Derivative of sin(3*x-1)*e^x

1. Apply the product rule:

   $$\frac{d}{d x} f{\left(x \right)} g{\left(x \right)} = f{\left(x \right)} \frac{d}{d x} g{\left(x \right)} + g{\left(x \right)} \frac{d}{d x} f{\left(x \right)}$$

   $f{\left(x \right)} = \sin{\left(3 x - 1 \right)}$; to find $\frac{d}{d x} f{\left(x \right)}$:

   1. Let $u = 3 x - 1$.

   2. The derivative of sine is cosine:

      $$\frac{d}{d u} \sin{\left(u \right)} = \cos{\left(u \right)}$$

   3. Then, apply the chain rule.

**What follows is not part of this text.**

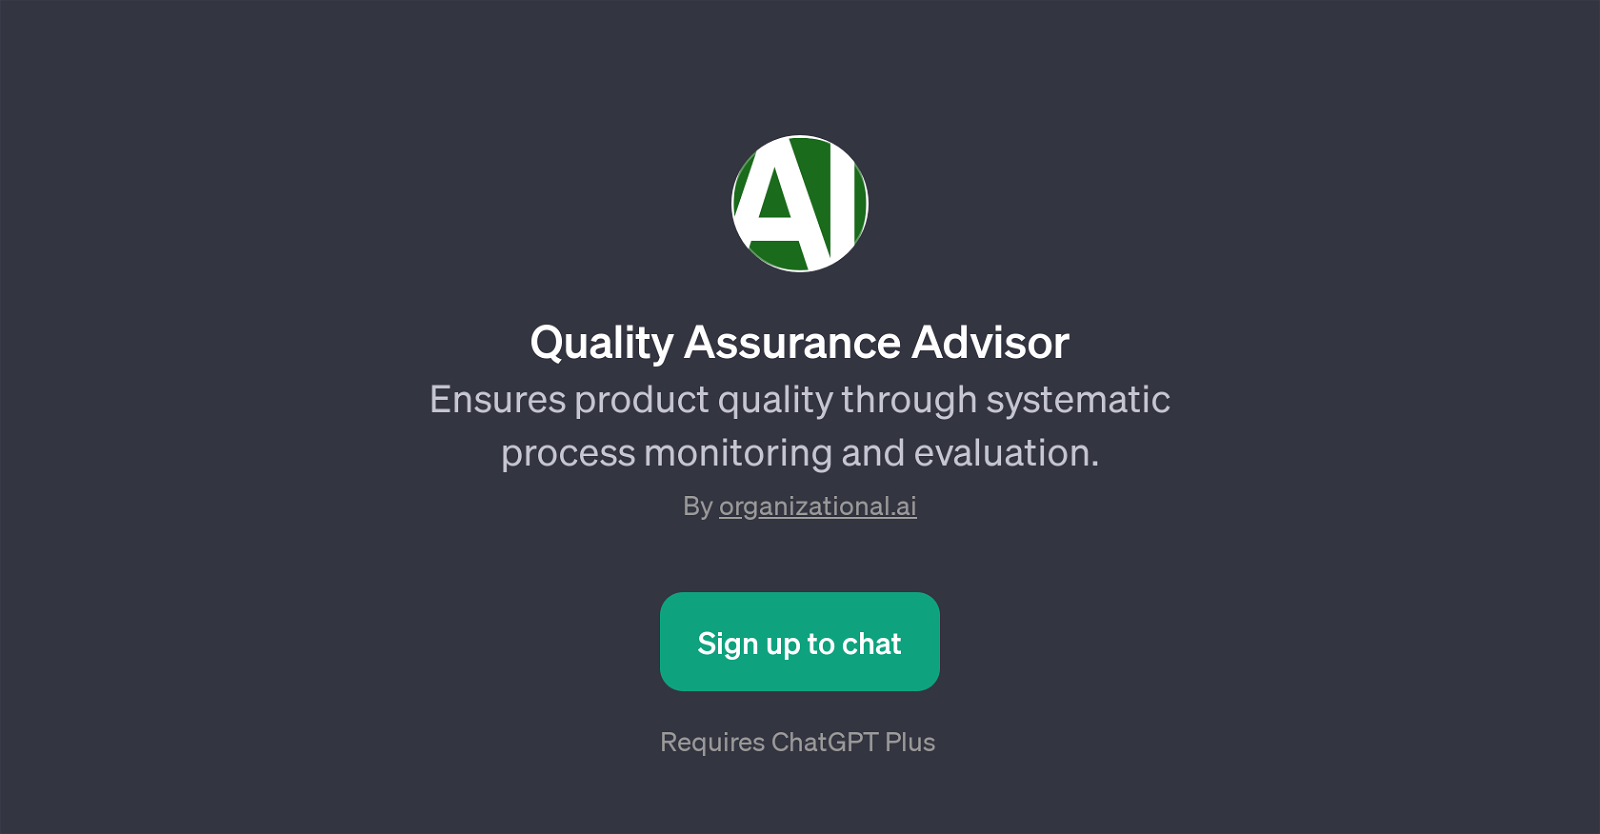 Quality Assurance Advisor website

Multiply by $\frac{d}{d x} \left(3 x - 1\right)$:

      1. Differentiate $3 x - 1$ term by term:

         1. The derivative of a constant times a function is the constant times the derivative of the function.

            1. Apply the power rule: $x$ goes to $1$

            So, the result is: $3$

         2. The derivative of the constant $-1$ is zero.

         The result is: $3$

      The result of the chain rule is:

      $$3 \cos{\left(3 x - 1 \right)}$$

   $g{\left(x \right)} = e^{x}$; to find $\frac{d}{d x} g{\left(x \right)}$:

   1. The derivative of $e^{x}$ is itself.

   The result is: $e^{x} \sin{\left(3 x - 1 \right)} + 3 e^{x} \cos{\left(3 x - 1 \right)}$

2. Now simplify:

   $$\left(\sin{\left(3 x - 1 \right)} + 3 \cos{\left(3 x - 1 \right)}\right) e^{x}$$

The answer is:

$$\left(\sin{\left(3 x - 1 \right)} + 3 \cos{\left(3 x - 1 \right)}\right) e^{x}$$